**INFORMATION SUPPLIED:**
= = = =

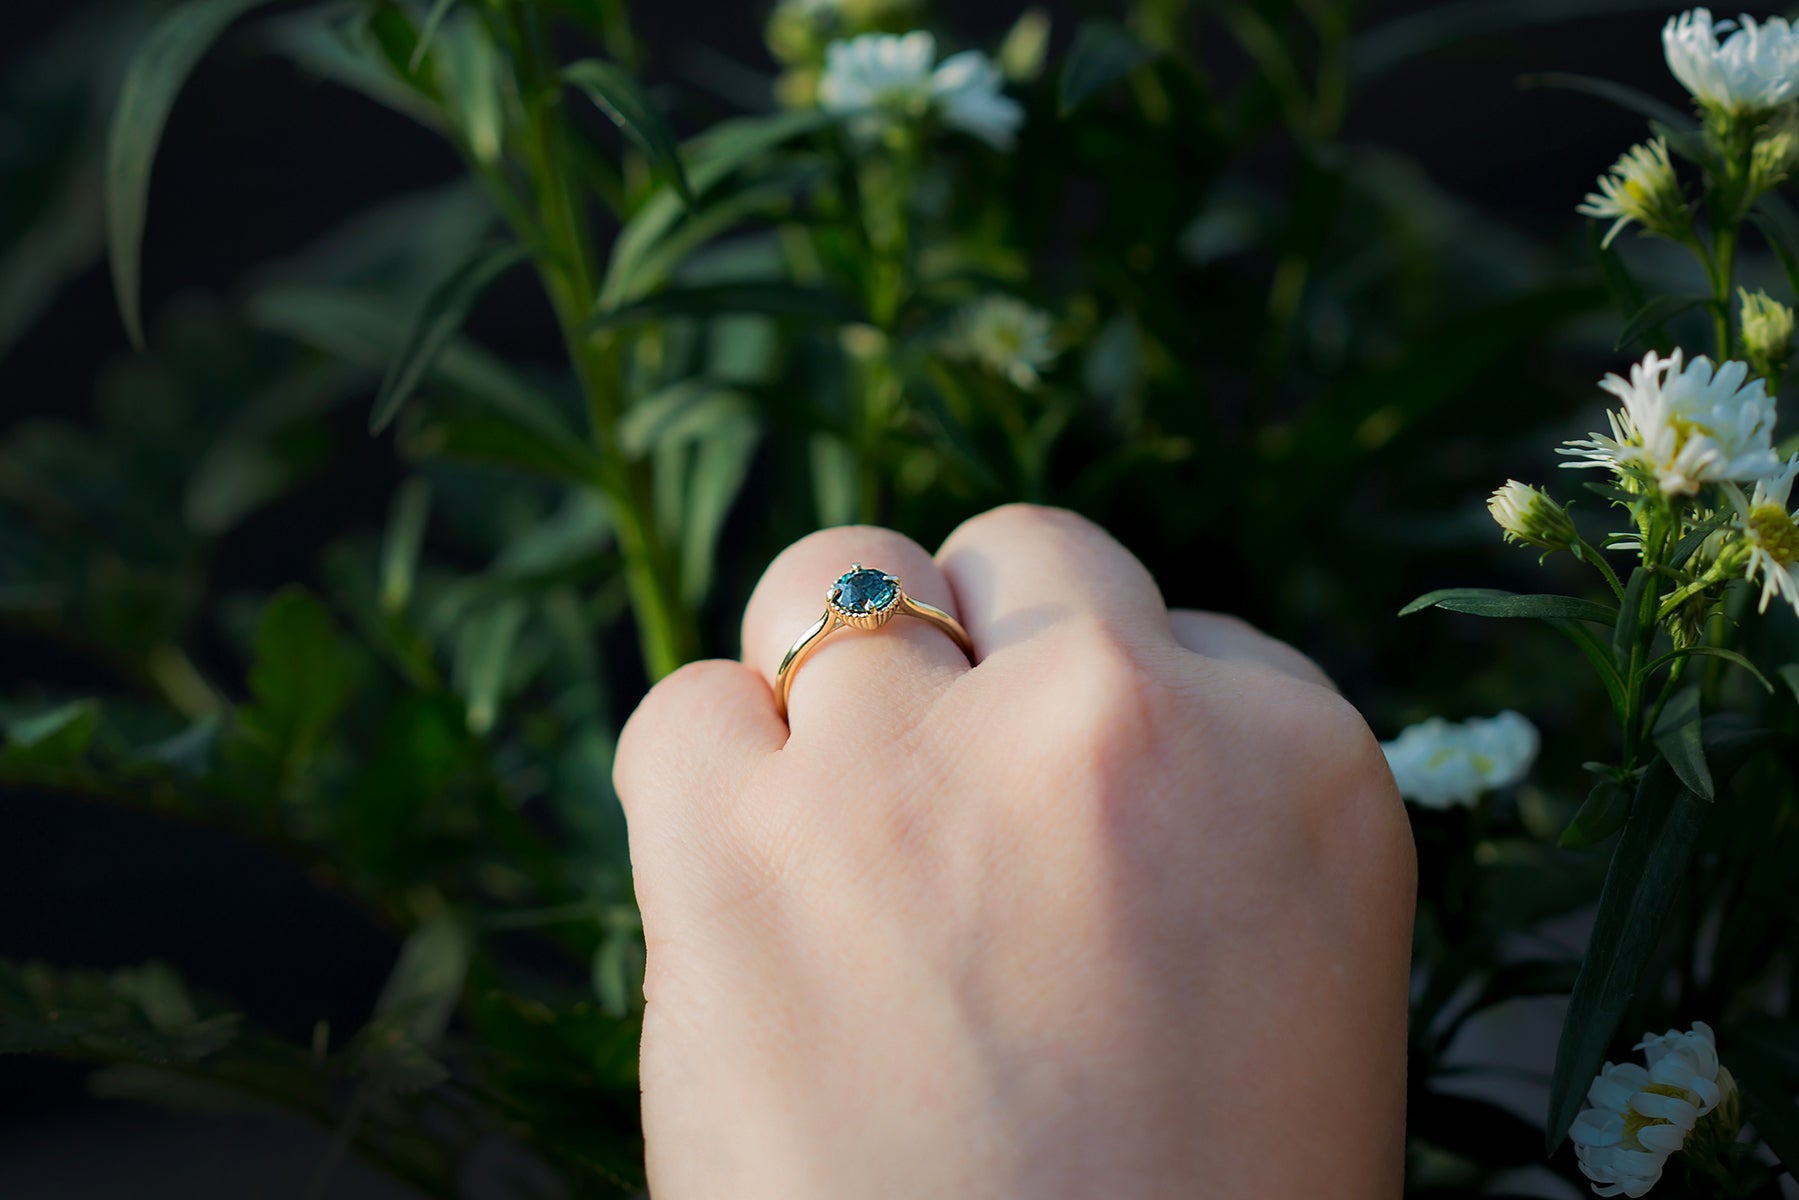 Teal Montana Sapphire Solitaire Engagement Ring - S. Kind & Co
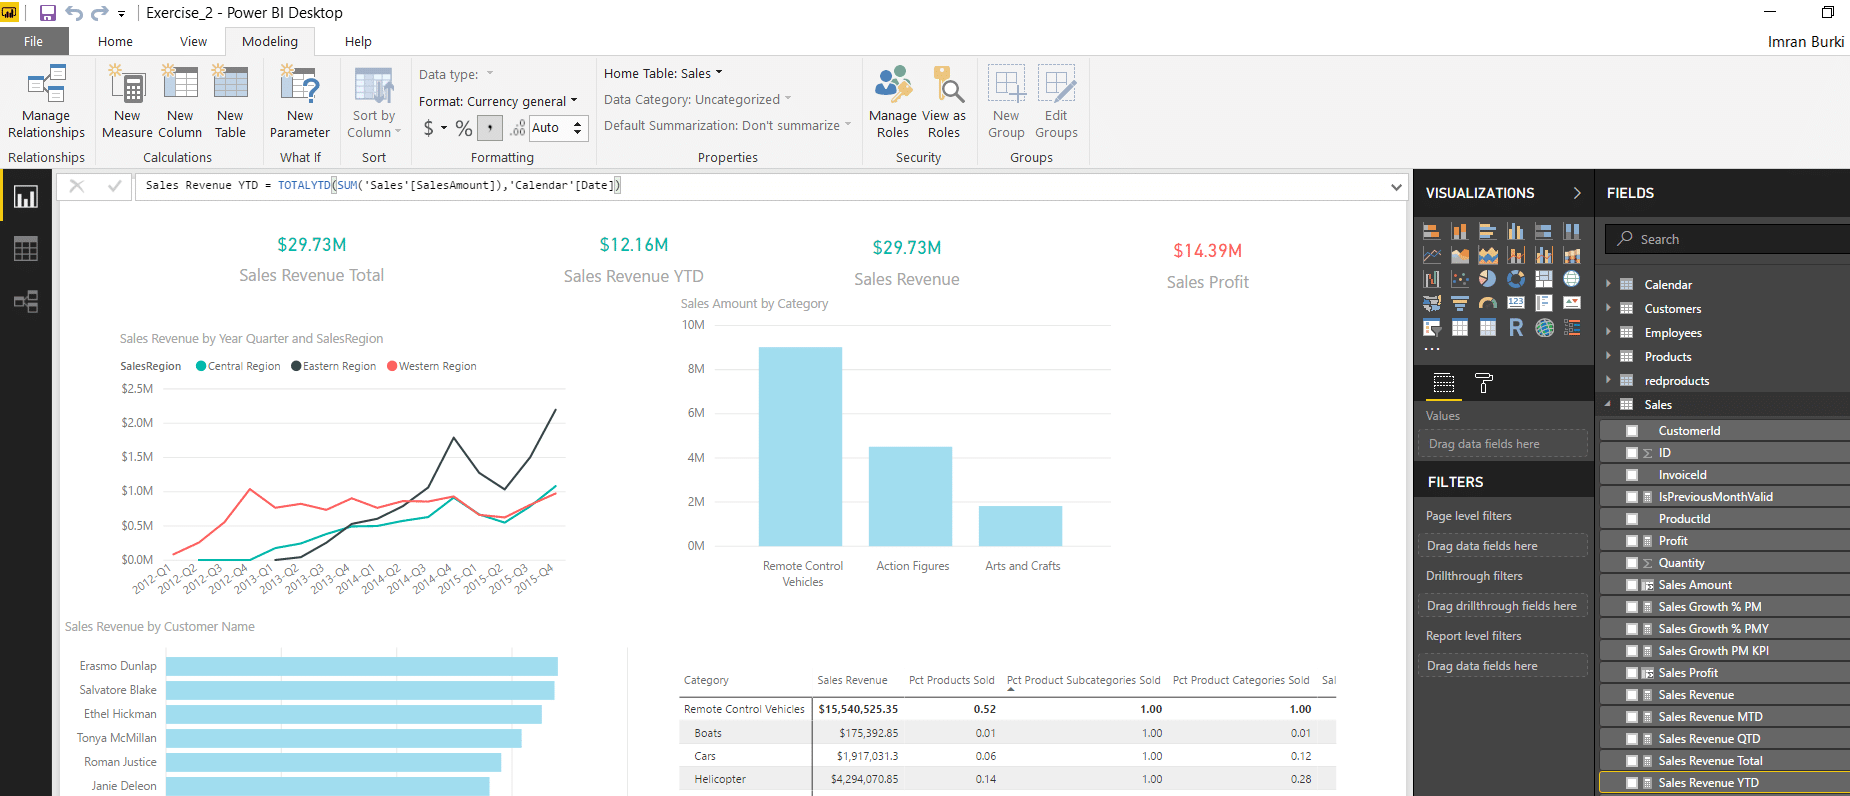 How to use time intelligence in power bi using dax
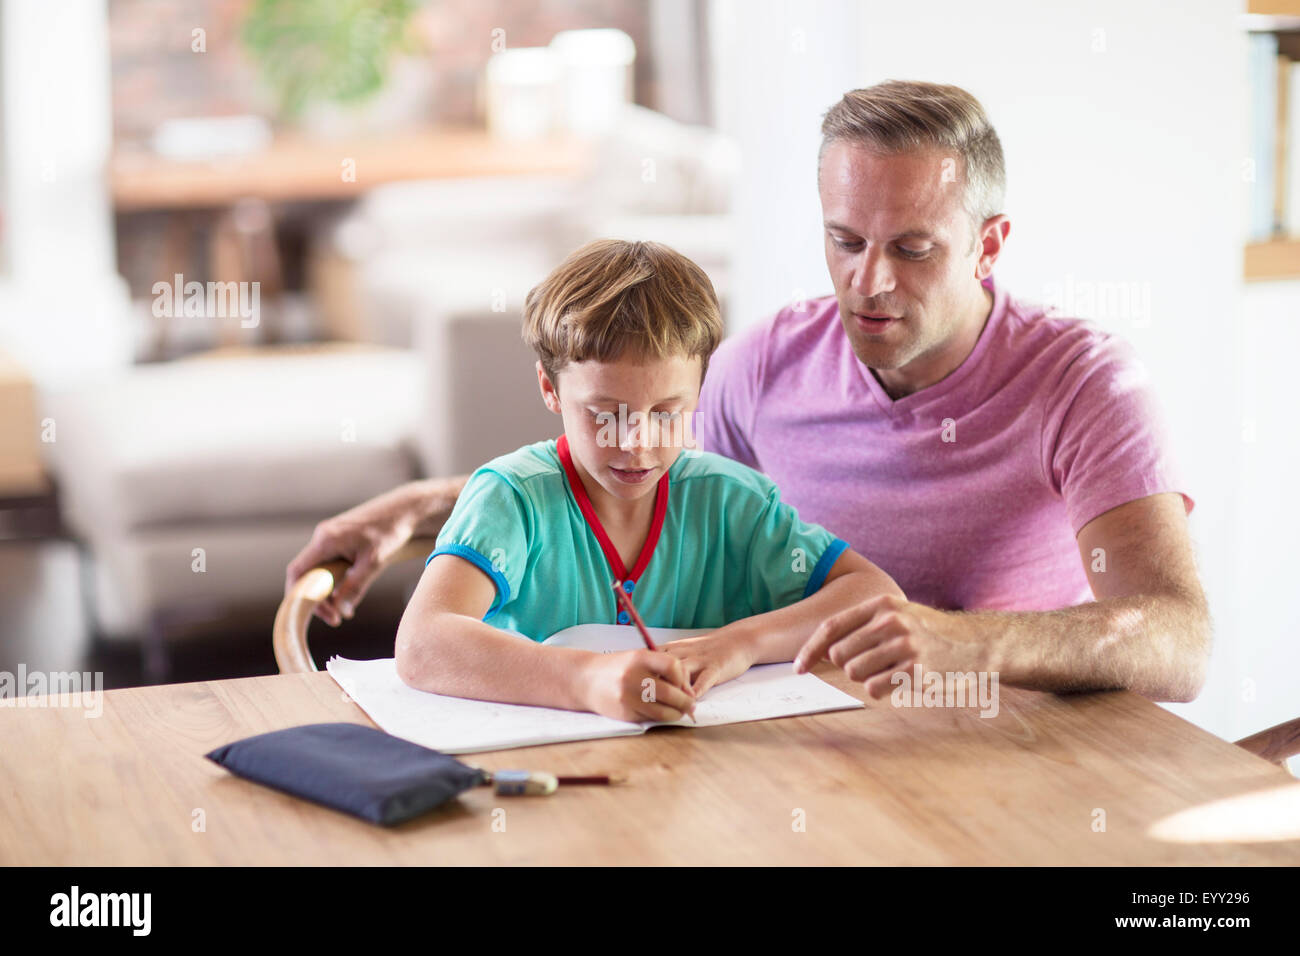 Caucasian father and son drawing at table Stock Photo

= = = =

**TASK:** Leaving the pictures out, transcribe word for word the lines from the one with "How to use time" to the end of the material above, inclusive, and nothing else.

**ANSWER FOR THIS EXERCISE:**
 How to use time intelligence in power bi using dax
 Caucasian father and son drawing at table Stock Photo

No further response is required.